You complain about someone using/misusing a word ‘antisemetism’ to demonise the opposition.



Instead of upholding the best of Jewish ideals that champion justice and the uplifting of the oppressed, Mr. Levy rushes to Israel's defense, repeating the tired mantra of "the only democracy in the Middle East." Apartheid South Africa, too, called itself a democracy, while it mowed down little boys in Soweto


Then you use a word ‘apartheid’ to demonise the opposition.

And is it not a the case that, using such words (fascist, racists) to describe and thus demonise the opposition has become a widely adopted tactic?

freepalestine
30th December 2010, 16:08
You complain about someone using/misusing a word ‘antisemetism’ to demonise the opposition.



Then you use a word ‘apartheid’ to demonise the opposition.

And is it not a the case that, using such words (fascist, racists) to describe and thus demonise the opposition has become a widely adopted tactic?
who are you talking to??

#FF0000
30th December 2010, 21:24
Then you use a word ‘apartheid’ to demonise the opposition.
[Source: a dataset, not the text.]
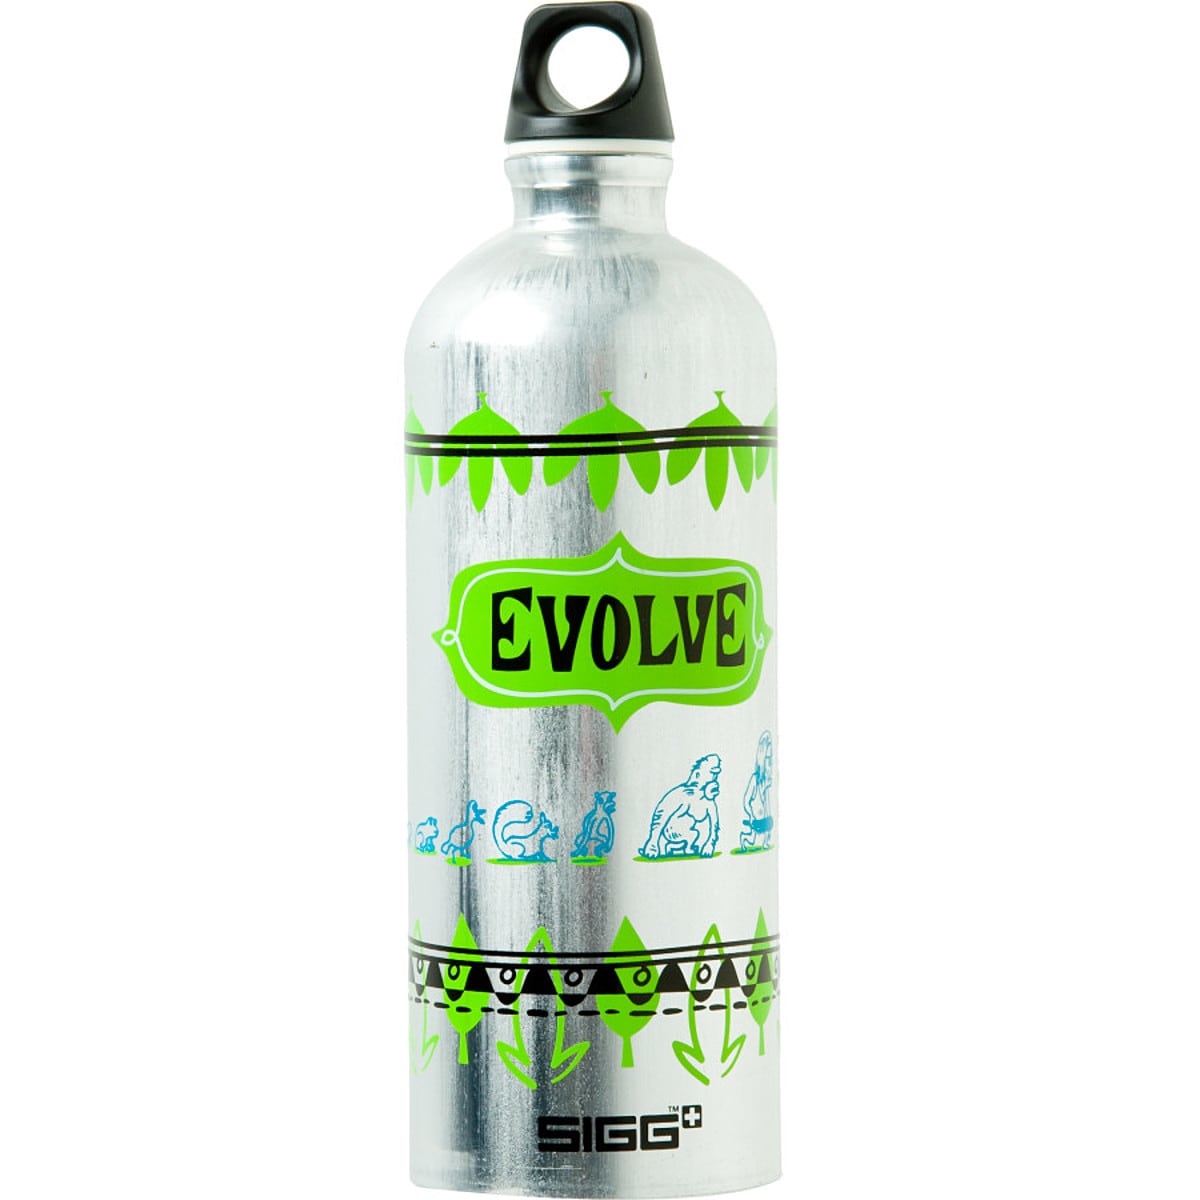 Sigg Water Bottle - 1L - Accessories

Yeah but I think "apartheid" is more accurate in describing the Israel/Palestine situation than "antisemitism" is in describing opponents of the Israeli government's brutal treatment of the Palestinians. Palestinians are systematically oppressed because they are Palestinian. On the other hand, there are plenty of anti-Zionists or anti-Israeli activists who are Jewish.

In fact it was a pamphlet from a Jewish organization that sort of shed light on the Palestinian struggle for me in the first place.

ComradeMan
2nd January 2011, 16:29
To say that the actions of the state of Israel/IDF (not all of whom are Jewish BTW) are some kind of motivation for anti-semitism, almost merging on justification, is nothing but an appeal to oppurtunism.

For example why did the PLO attack the Great Synagogue of Rome in 1982? Because of Israel? Or because of anti-semitism? The net result was dozens of injuries and a child of two years old being killed.